Abstract

Abstract Background Gallbladder agenesis (GBA) is a well-recognised, yet rare embryological malformation, that is thought to stem from a failure of the gallbladder and cystic duct to bud from the common bile duct in the 5th week of gestation. The anomaly has an estimated incidence of 10-65 per 100 000 and is often an incidental finding. A quarter of those affected are symptomatic, often presenting in a similar manner to cholecystitis or choledocholithiasis. There is a lack of awareness and guidance on its investigation and management, making GBA a diagnostic challenge, which often leads to unnecessary high-risk surgical exploration. Methods A 64-year-old man presented with right upper quadrant abdominal pain, fevers, jaundice and persistent vomiting. On examination he was confused, visibly jaundiced and septic with deranged liver function tests.

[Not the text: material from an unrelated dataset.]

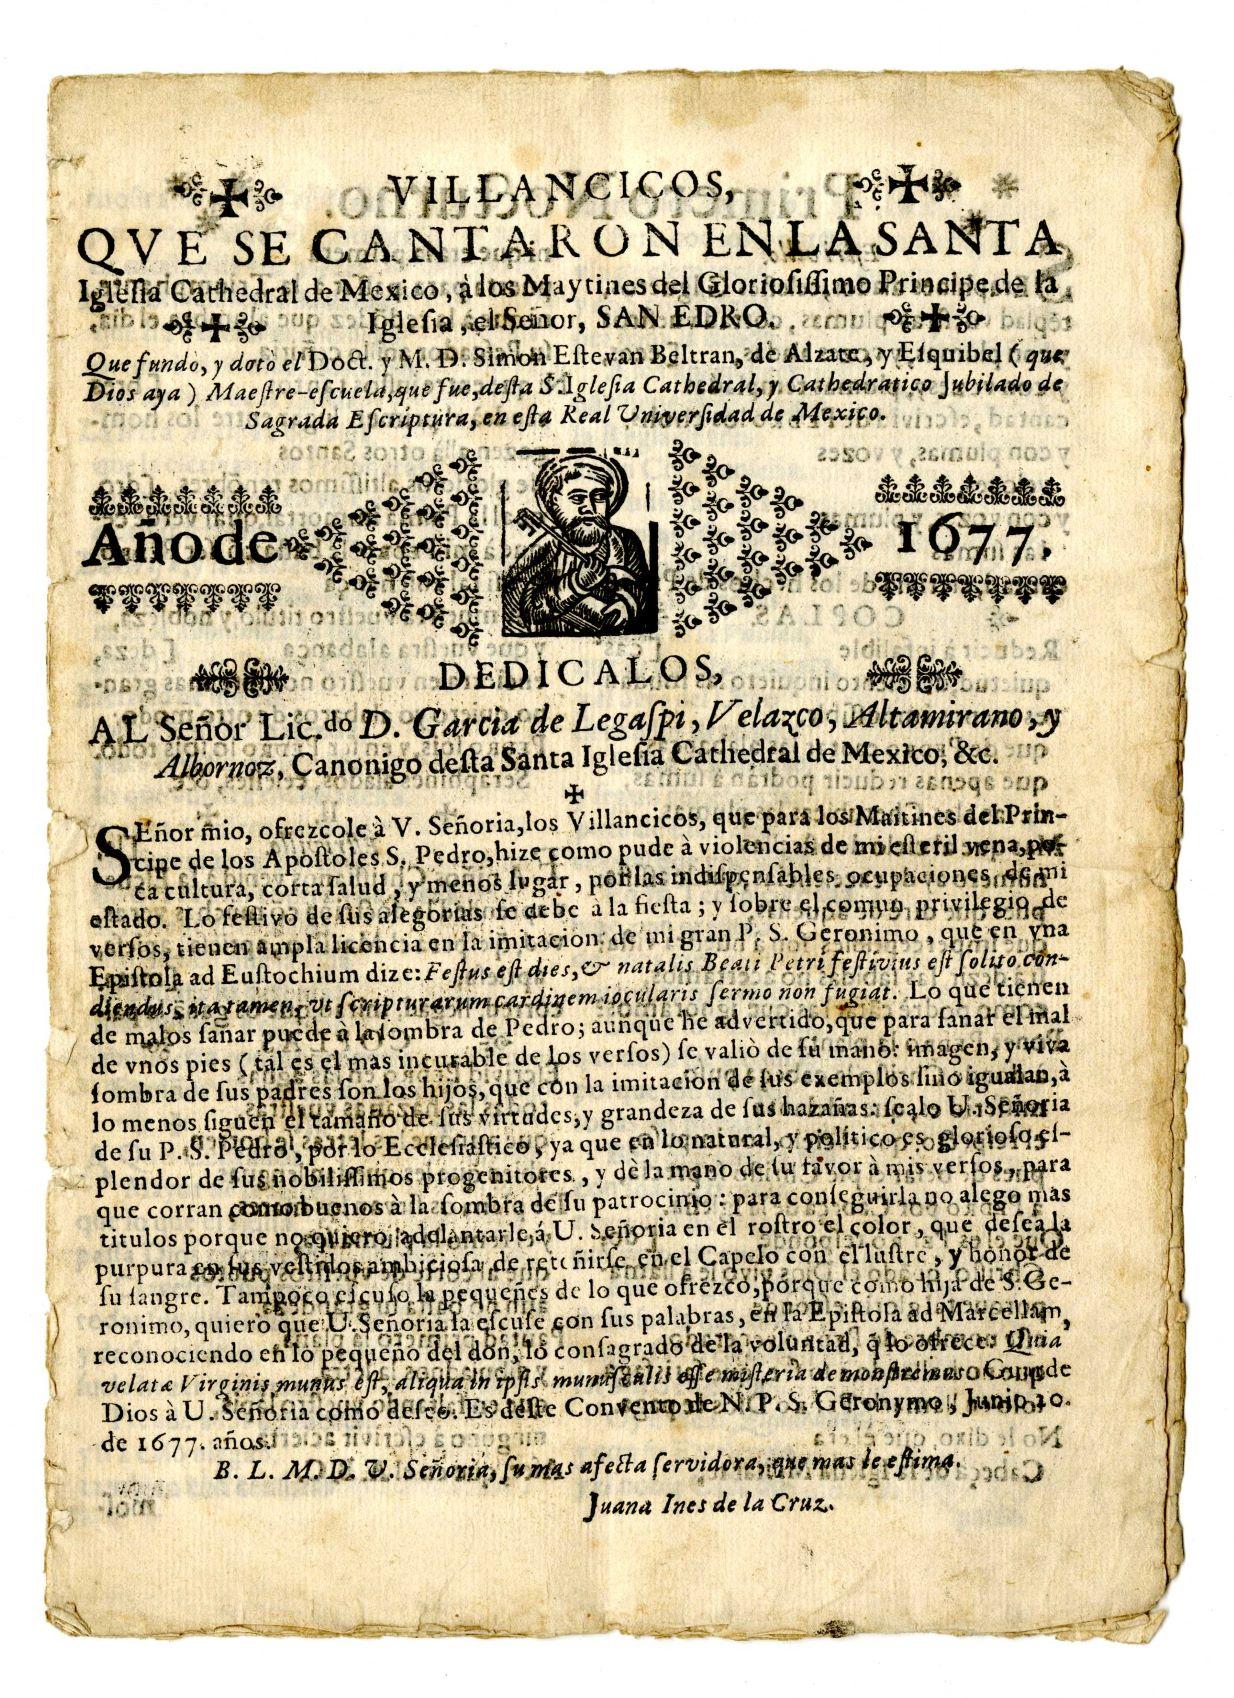 Image 5. Sor Juana Inés de la Cruz, villancicos (short religious songs) written in 1677 .

An initial ultrasound scan of the abdomen revealed dilated common bile ducts, with no evidence of choledocholithiasis, however, a gallbladder could not be identified. Magnetic resonance cholangiopancreatography confirmed a ‘post-cholecystectomy’ picture, despite no history of abdominal surgery. This led us to the diagnosis of gallbladder agenesis. Results There are no dedicated guidelines regarding the investigation and management of GBA. Efforts have been made to stratify the diagnostic imaging of GBA. Malde et al suggest that if the gallbladder is not visualised on USS, the next most appropriate investigations in order of accuracy are MRCP, CT and ERCP, respectively. Interestingly, they further suggest that if results of imaging remain inconclusive, they should be repeated again once the acute phase of the illness or symptoms have resolved. Inadvertently, this suggestion was applied in our case, as the patient underwent a repeat MRCP following the resolution of his acute symptoms. In our case, MRCP allowed an effective final diagnosis, avoiding unnecessary investigations and exploratory surgery. It also provided a detailed anatomical picture, excluding the possibility of an ectopic gallbladder. Conclusions The present case accentuates the importance of non-invasive imaging such as MRCP in appropriately diagnosing this phenomenon and avoiding unnecessary operative exploration.